In the purely abstract sense, I don't think there is an foolproof algorithmic answer to your question since it boils down to: "How do I distinguish dataA from dataB if I know nothing about either of them?". There will always be the potential for dataA to be indistinguishable from dataB. That said, I would start with the simple and only add complexity as needed. For example, if examining the first five rows, for a given column (or columns) if the datatype in rows 2-5 are all the same but differ from the datatype in row 1, there's a good chance that a header row is present (increased sample sizes reduce the possibility of error). This would (sorta) solve #1/#3 - perhaps throw an exception if the rows are all populated but the data is indistinguishable to allow the calling program to decide what to do next. For #2, simply don't count a row as a row unless and until it pulls non-null data....that would work in all but an empty file (in which case you'd hit EOF). It would never be foolproof, but it might be "close enough".
It really depends on just how "general" you want your tool to be. If the data will always be numeric, you have it easy as long as you assume non-numeric headers (which seems like a pretty fair assumption).
But beyond that, if you don't already know what patterns are present in the data, then you can't really test for them ahead of time.

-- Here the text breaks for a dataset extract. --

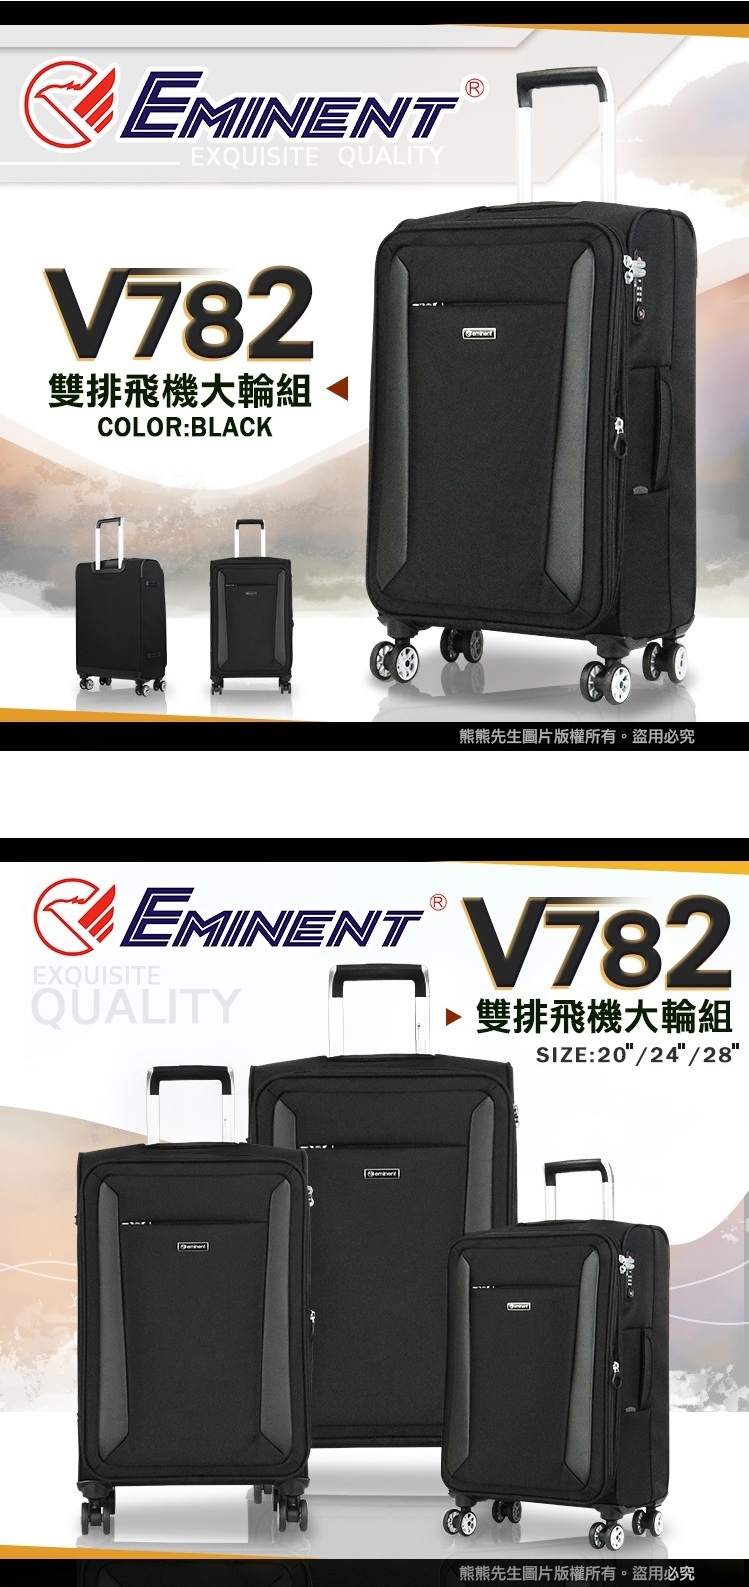 eminent 萬國通路 行李箱 旅行箱 登機箱 布箱 20吋 V782 (黑色)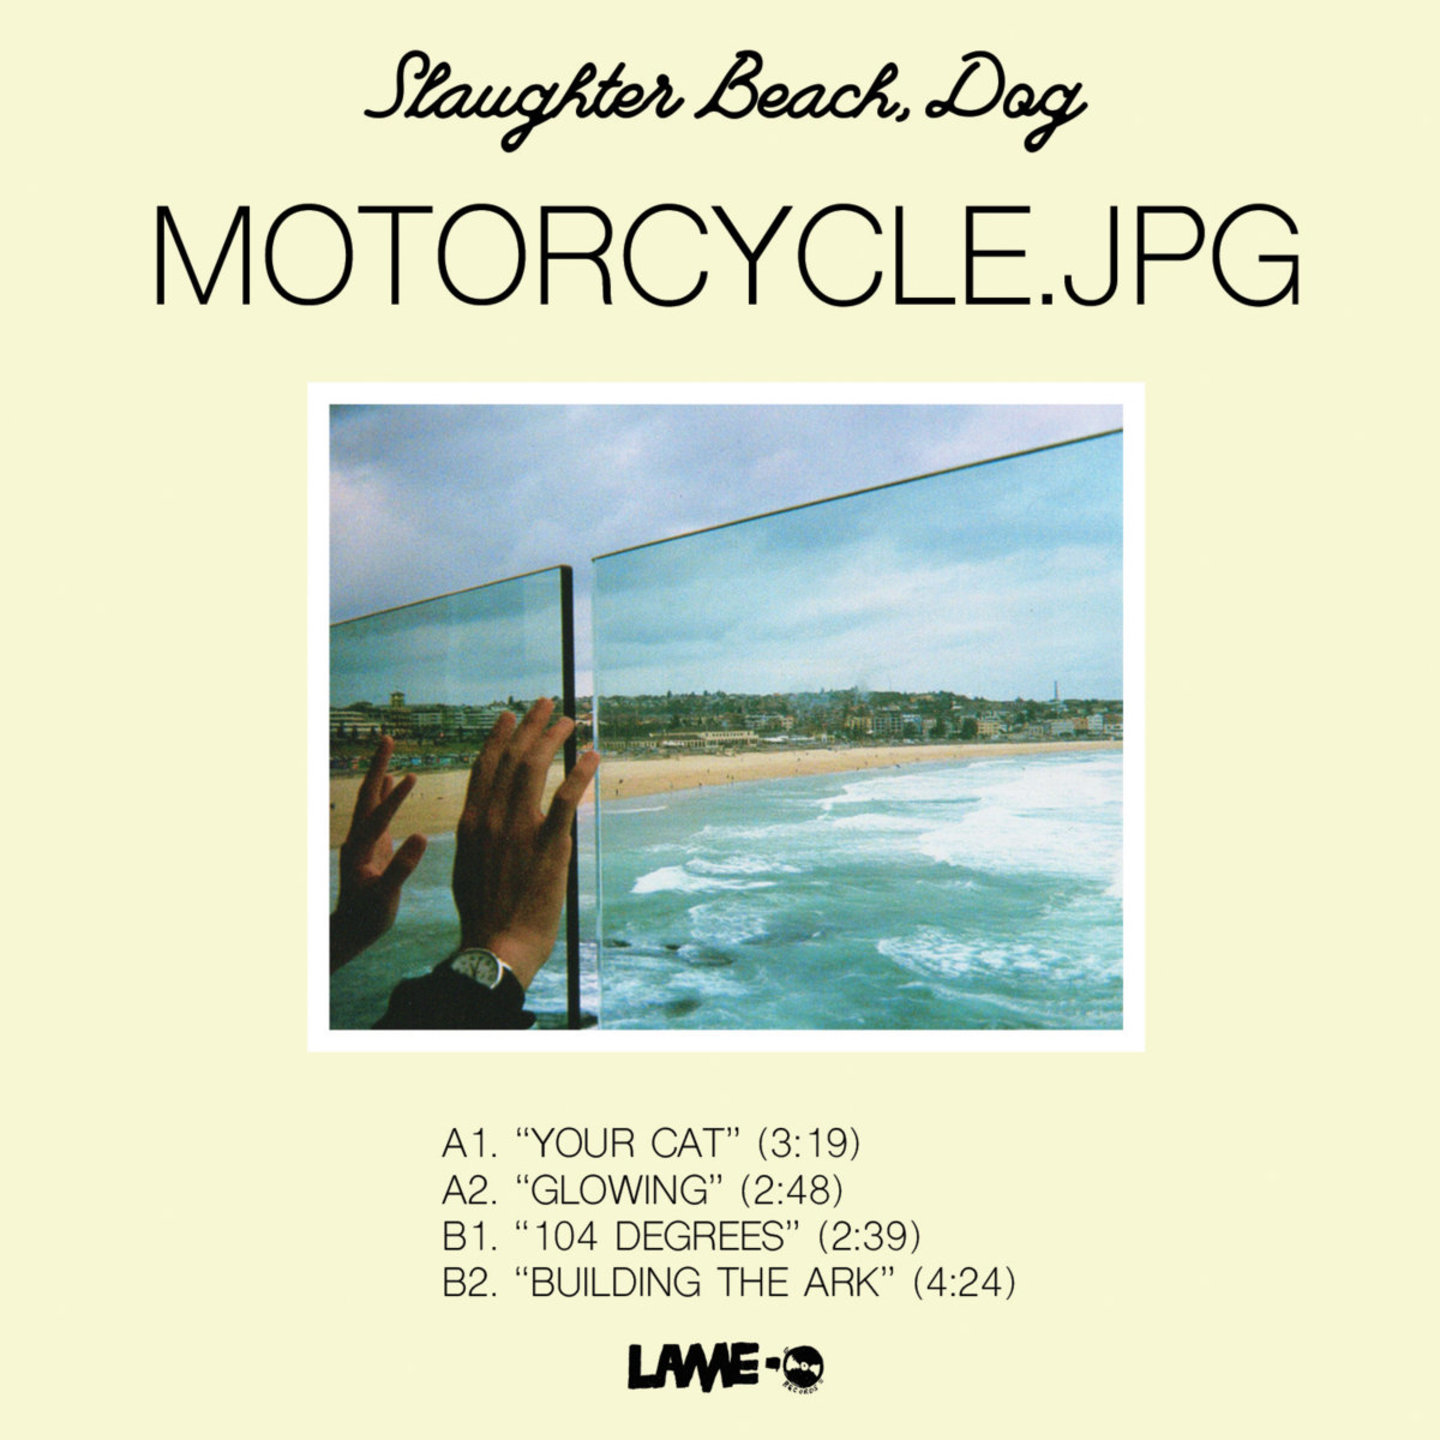 SLAUGHTER BEACH, DOG - Motorcycle.jpg 12EP

FWIW, I actually just wrote a script for parsing out some stuff from TSVs, all from the same source. The source's approach to headers/formatting was so scattered that it made sense to just make the script ask me questions from the command line while executing. (Is this a header? Which columns are important?). So no automation, but it let's me fly through the data sets I'm working on, instead of trying to anticipate each funny formatting case. Also, my answers are saved in a file, so I only have to be involved once per file. Not ideal, but efficient.
This article provides some good guidance:
Basically, you do statistical analysis on columns based on whether the first row contains a string and the rest of the rows numbers, or something like that.
http://penndsg.com/blog/detect-headers/
If you CSV has a header like this.
ID, Name, Email, Date
1, john, john#john.com, 12 jan 2020
Then doing a filter_var(str, FILTER_VALIDATE_EMAIL) on the header row will fail. Since the email address is only in the row data. So check header row for an email address (assuming your CSV has email addresses in it).
Second idea.
http://php.net/manual/en/function.is-numeric.php
Check header row for is_numeric, most likely a header row does not have numeric data in it. But most likely a data row would have numeric data.
If you know you have dates in your columns, then checking the header row for a date would also work.
Obviously you need to what type of data you are expecting. I am "expecting" email addresses.